Every Day Is Casual Friday

The Rev. Daniel Berrigan, handcuffed, 1968

The Speaker of the House of Commons, John Bercow, broke with tradition in late June to allow Members of Parliament to skip wearing jackets and ties in the chamber. Now the Church of England’s General Synod has decided it is in keeping with the modern world for clergy to have the choice of leading worship while wearing casual clothes.

In a similar vein. the Queen wore a dress and hat rather than the traditional robes and crown while presenting the traditional monarch’s speech spelling out the government’s program for the next Parliament. And on a hot day in June, men in the membership enclosure at the Royal Ascot races were allowed to dispense with jackets.

The synod decision needs an Amending Canon, after which it will go to the Monarch for Royal Assent. Many clergy, particularly evangelicals, ignore existing canon law that says “the presiding minister shall wear either a surplice or alb with scarf or stole” at Holy Communion, baptisms, and funerals.

Two decades ago, Pete Hobson, an east London incumbent, mooted the idea of allowing clergy to dispense with robes. The move failed in what were more conservative times. Much has changed since then, and with a multiplication of service styles, informal attire for clergy often looks the part.
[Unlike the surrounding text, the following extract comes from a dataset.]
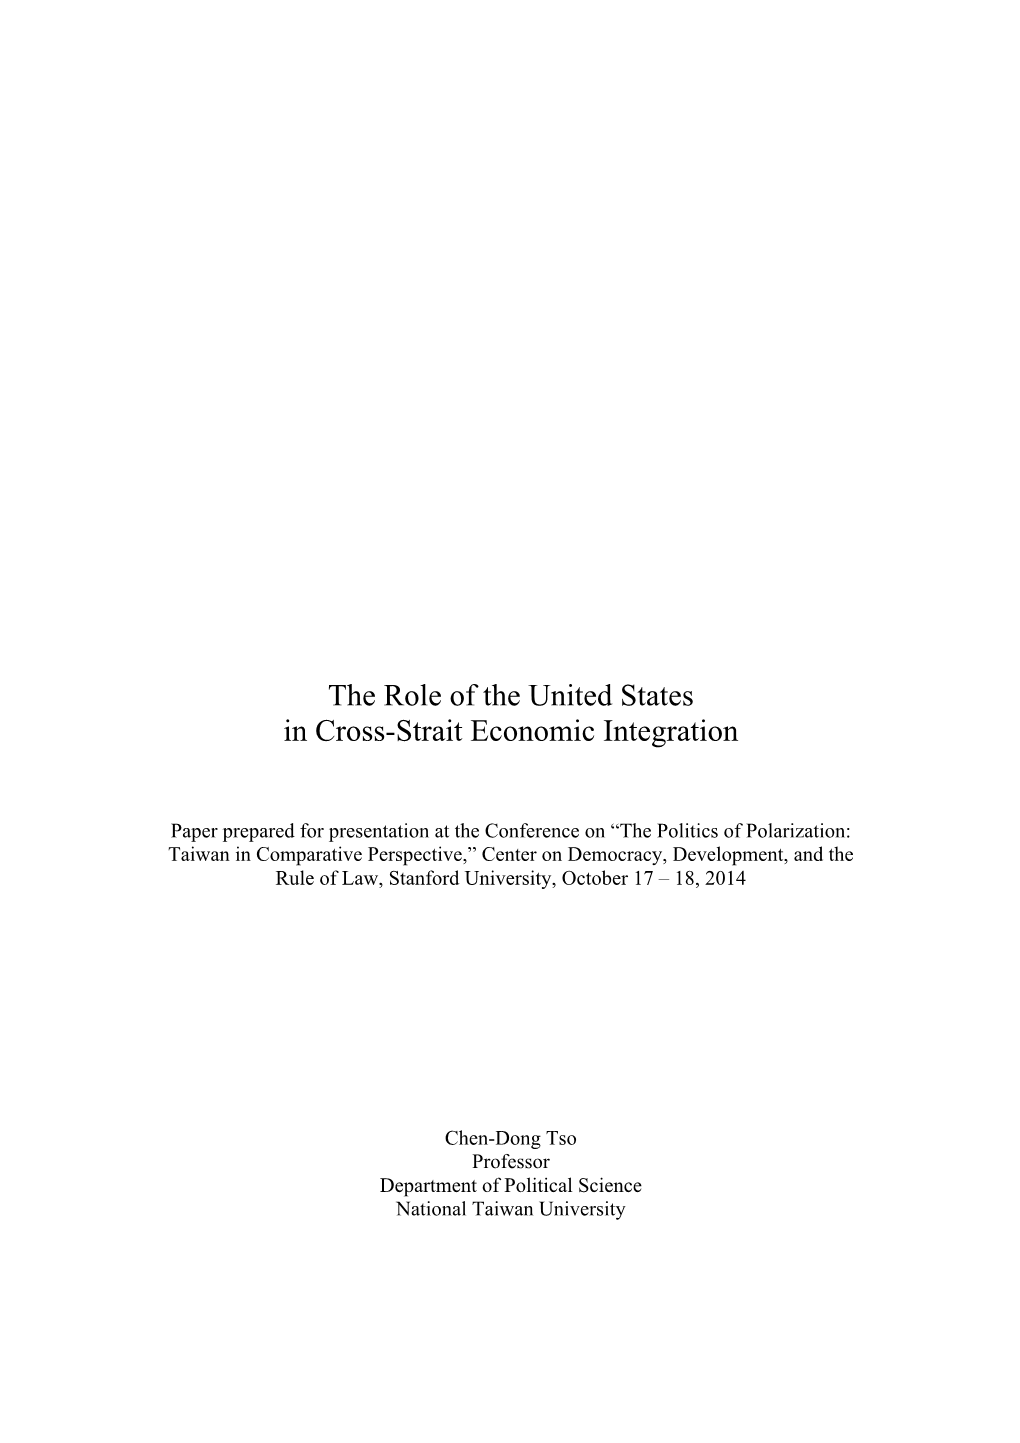 The Role of the United States in Cross-Strait Economic Integration

General Synod supported a Private Member’s Motion moved by the Rev. Chris Hobbs (London) who spent three years painstakingly gathering signatures of support and asking advice from lawyers on how to present his endeavor.

Hobbs, who grew up in Sydney, said that in Australian outback worship, “to wear robes would have been seen as, er, eccentric.”

The Rev. Alistair McHaffie (Blackburn) recalled how his father seldom left the house without wearing a tie. “We’ve become far more informal in what we wear and how we address one another,” he said.

While supporting the changes, the Ven. Luke Miller, Archdeacon of London, said he “quite enjoys dressing up in different ways” and had worried about the possibility of “themed weddings” in which the officiating priest is color-coded with bridesmaids.

The Rt. Rev. Alan Smith, Bishop of St. Albans, told the synod that when traditional forms of vestment were dispensed with, the forms of dress adopted by the minister “must nevertheless be suitable for a minister of the Church of England officiating at divine service.”